There are several options available, which should provide most of the necessary functionality.

Explicit Server Options

--zero-fork Run the server in the foreground, and output everything to the console, which is convenient for testing. The default mode is to run as a background process and write all output to a log file.
--no-double-fork Single fork, process will run forever or until server killed.
--multi-threaded Run in multithreaded mode (default: process one query after the other; still recommended).
--auto-restart Automatically restart the server, if it crashes (requires double fork mode, which is default).
--kill <port number> Stop the server running at the specified port.
--kill-running-server If there is a running server, do kill it before starting the new one.
--port <port number> Specify the port, where the server is listening (default is 8888).
--pid-file <file name> Specifiy name of file containing the process id. Leading ~ will be replaced by the home directory, first %s will be replaced by host name, second %s will be replaced by port (default is ~/.completesearch_<hostname>_<port>).
--locale <encoding> Set LC_ALL to this string, irrespective of special "!encoding:..." word in index.
--maps-directory <dir> Specify the directory containing the maps utf8.map and iso8859-1.map (default is the execution directory).
--index-type [INV|HYB] Type of index (default: guess from index file name).
-e <docs file> Name of file containing excerpts info (default: <db>.docs.DB).

Query Processing Options

--normalize-words Normalize all non-facet words. This allows to find Müller, even if muller is requested. It's recommended to also set the option --use-suffix-for-exact-query. Take care, to achieve the intended behaviour, it's necessary to parse with the same option. See also CsvParser.
--word-part-separator-backend <character> We used to separate the words in special words like :facet:year:* by using the colon. We noticed, that the colon is positioned between numbers and letters in the ascii code, which might lead to problems on reading word ranges from the words file. There should not occur any problems, but it's still recommended to use a character which is positioned in front of numbers, like '!' (the default now). It's necessary to build the words file with the same delimuter.

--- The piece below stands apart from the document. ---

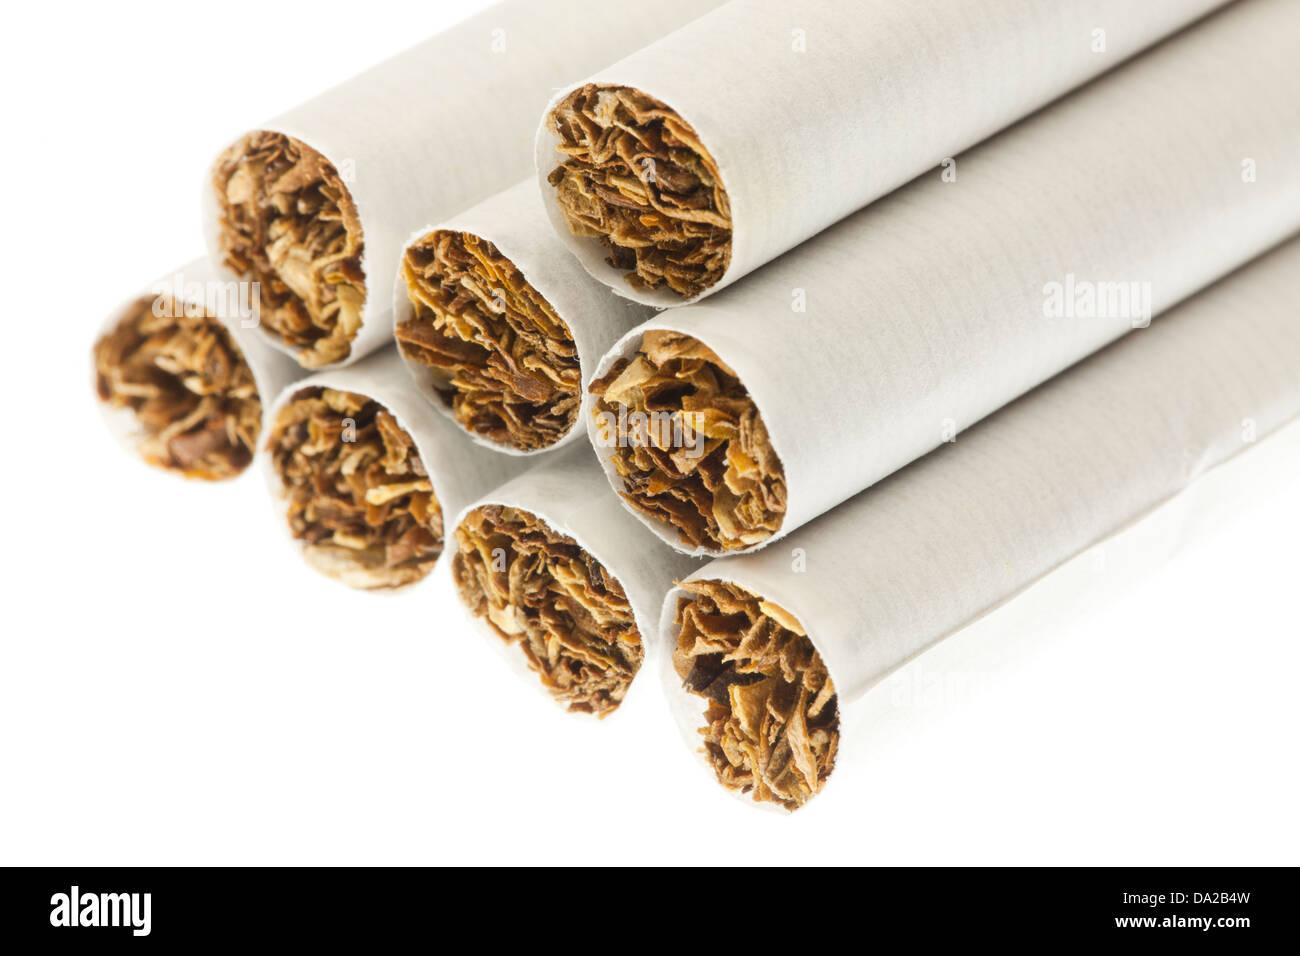 Cigarettes closeup on white ( tobacco cigarette, tobacco cigarettes ) - USA - Stock Image

See also CsvParser.
--query-timeout <timeout> Specify a timeout a request is allowed to be processed to prevent critical queries from bringing the server to a standstill (default is 5000 ms).
--word-part-separator-frontend <character> Specify the separator, which is used in the api to request special queries like :facet:year:1993 (default is ':').
--use-suffix-for-exact-query Allows to find müller, if normalization is enabled. Otherwise it's necessary to look for müller:*, instead of müller.
--disable-cdata-tags It's recommended to use this option, if the info field for each document is valid xml and if invalid xml is already escaped using cdata. Otherwise your whole output will be escaped by using cdata.
-E On error the error message is appended to the response and sent to the client.
--document-root <path on filesystem> Allows to request e.g. HTML pages located under the given path by requesting <host>:<port>/<someHTML>. Per default this feature is disabled.
--exe-command <command> If specified, the usage of the query parameter exe=<someValue> leads to the execution of the command <command><someValue>.
Cache/history sizes must be greater than 0 and are given in one of the form: n meaning n bytes, nK meaning n kilobytes, nM meaning n megabytes, nG meaning n gigabytes.
- --max-size-history <size> Set the history size (default: 32 megabytes).
- --max-queries-history <size> At most that many queries in history (default: 200; note: current impl. is quadratic).
- --cache-size-excerpts <size> Sets the cache size for the excerpts generator (default: 16 megabytes).
--cleanup-query-before-processing Cleanup query before processing by correcting the order of the letters ^, * and ~ and erasing multiple interpretable characters like #, . and *.
--how-to-rank-docs <rankingType> Specify how to rank documents (0 = by score, 1 = by doc id, 2 = by word id followed by a = ascending or d = descending, default os 0d).
--how-to-rank-words <rankingType> Specify how to rank words (0 = by score, 1 = by doc count, 2 = by occ count, 3 = by word id, followed by a = ascending or d = descending, default is 0d).
--score-aggregations <aggregation> Specify score aggregation by a 4-letter string over the alphabet {S,M,B}, see explanations below.
- There are currently three types of score aggregation, S = sum, M = max, B = sum with bonus for proximity and exact word match. There are two aggregations for doc scores (same completion, different completion) and two aggregations for word scores (same doc, different doc).

Logging Options

--log-file <logfile> Specify file name for the log messages (default is <base-name>.log).
--show-query-result Log information about the query result.
--verbosity <verbosity level> Set the log verbosity, especially for debugging (1 = normal, 2 = high, 3 = highest; default is 1).
--no-statistics Don't write time statistics to the log file.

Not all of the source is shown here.